So, PRE and other code motion/placement optimizations rely on a CFG for computation of dataflow information either implicitly (SSA form) or explicitly (non-SSA form and some SSA algorithms).
I'm going to stick to non-SSA algorithms because they are actually easier to understand the issues for.
Once you've done this, particularly the section on bitvector problems, realize that most of the properties being computed make no sense earlier than original scope of the variable, and what to do is not always apparent.
Take PRE for example, here's a simple, but crappily devised example:
int main(int argc, char argv)
{
int b;
for (int i = 0; i < 50; i++)
{
int a;
a = argc;
b = a;
}
return b;
}
(It's crappy because any value numbering/copy prop/etc would take care of this particular example)
A standard PRE is going to want to hoist a = argc out of the loop, not b = a;
But, well, it can't, because it's out of scope!
How does it know what it should do?
Should it move int a out of the loop?
It may end up inserting a stack allocation into a hot loop if it just hoists it one scope up!
Should it create a temporary?
If you allow it to create new outside-scope temporaries anyway, what's the point of keeping the scopes?
So now you have to do scope understanding and movement anyway.
Plus, in most cases, you need to construct accurate live ranges of variables anyway, and scopes do not always properly represent those.
You also have to compute what variables may share registers on your own too.
Non-renaming forms of SSA (IE that don't literally rename the temporaries) are worse here, because you can accidentally overlap live ranges of variables without too much trouble.
In any case, the basic answer is "Scopes buy you very little, and hurt a lot, because every single optimizer has to care a lot about them"
Thanks for the reply. I was being pretty inaccurate in my terminology: I said "branchy" when I meant "diamond-shaped" and I said "spilling" when I should have said "splitting". That's what I get for posting before being fully awake :)
The problem of dispatch loops is not that they are "very branchy". The problem is the usual heuristic of less-code-is-better falls down. For an interpreter you want the dispatch code after every op handler again, so the branch predictor can do its work. Unfortunatelly, compilers are very good at removing this code duplication.
Julia is a pretty cool platform for playing with this kind of thing in a REPL environment - you can dump LLVM IR and corresponding disassembly for any function, with source line annotation (some things are rearranged by the LLVM optimizer, but it is usually close). No inline IR support yet, but it's a great way to understand the relationship between high-level constructs and machine code.
Interesting, I didn't realize Julia had that. Fwiw, many Lisp systems also have this available: if you (disassemble 'foo) in SBCL, it'll show you the asm the function compiled to.
It would be nice if the substance of the article actually backed up the title... it doesn't really show this: Yes sure, it's more portable: but plain C is way more portable still.

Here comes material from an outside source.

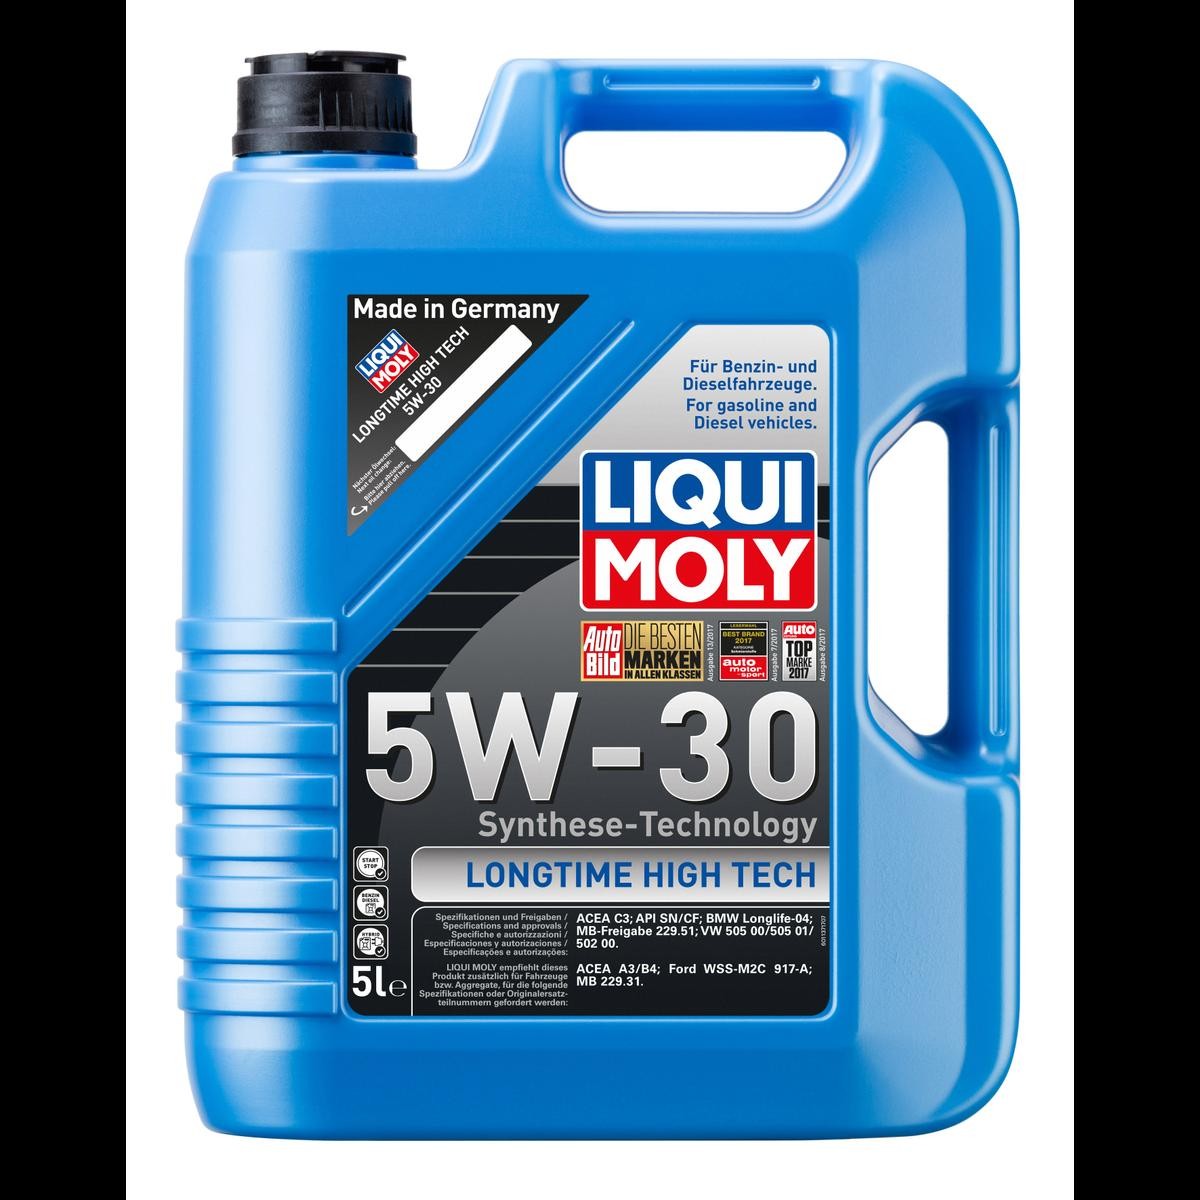 Engine oil LIQUI MOLY Longtime High Tech 5W-30 5l, 1137 ❱❱❱ price and  experience

The places where assembly is justified these days tend to be SIMD inner loops where intrinsic use isn't effective (e.g. due to compilers being pretty lame at vector register allocation) and where a lot of gains can be had by bitops level micro-optimization that depend very precisely on the instruction behavior. I would be surprised if writing LLVM IR was actually better than using intrinsics in these cases.
If it were so it would be neat to see it— an example of taking some well optimized multimedia codec library and converting (some of) the SIMD asm into LLVM IR and showing equal performance would be impressive.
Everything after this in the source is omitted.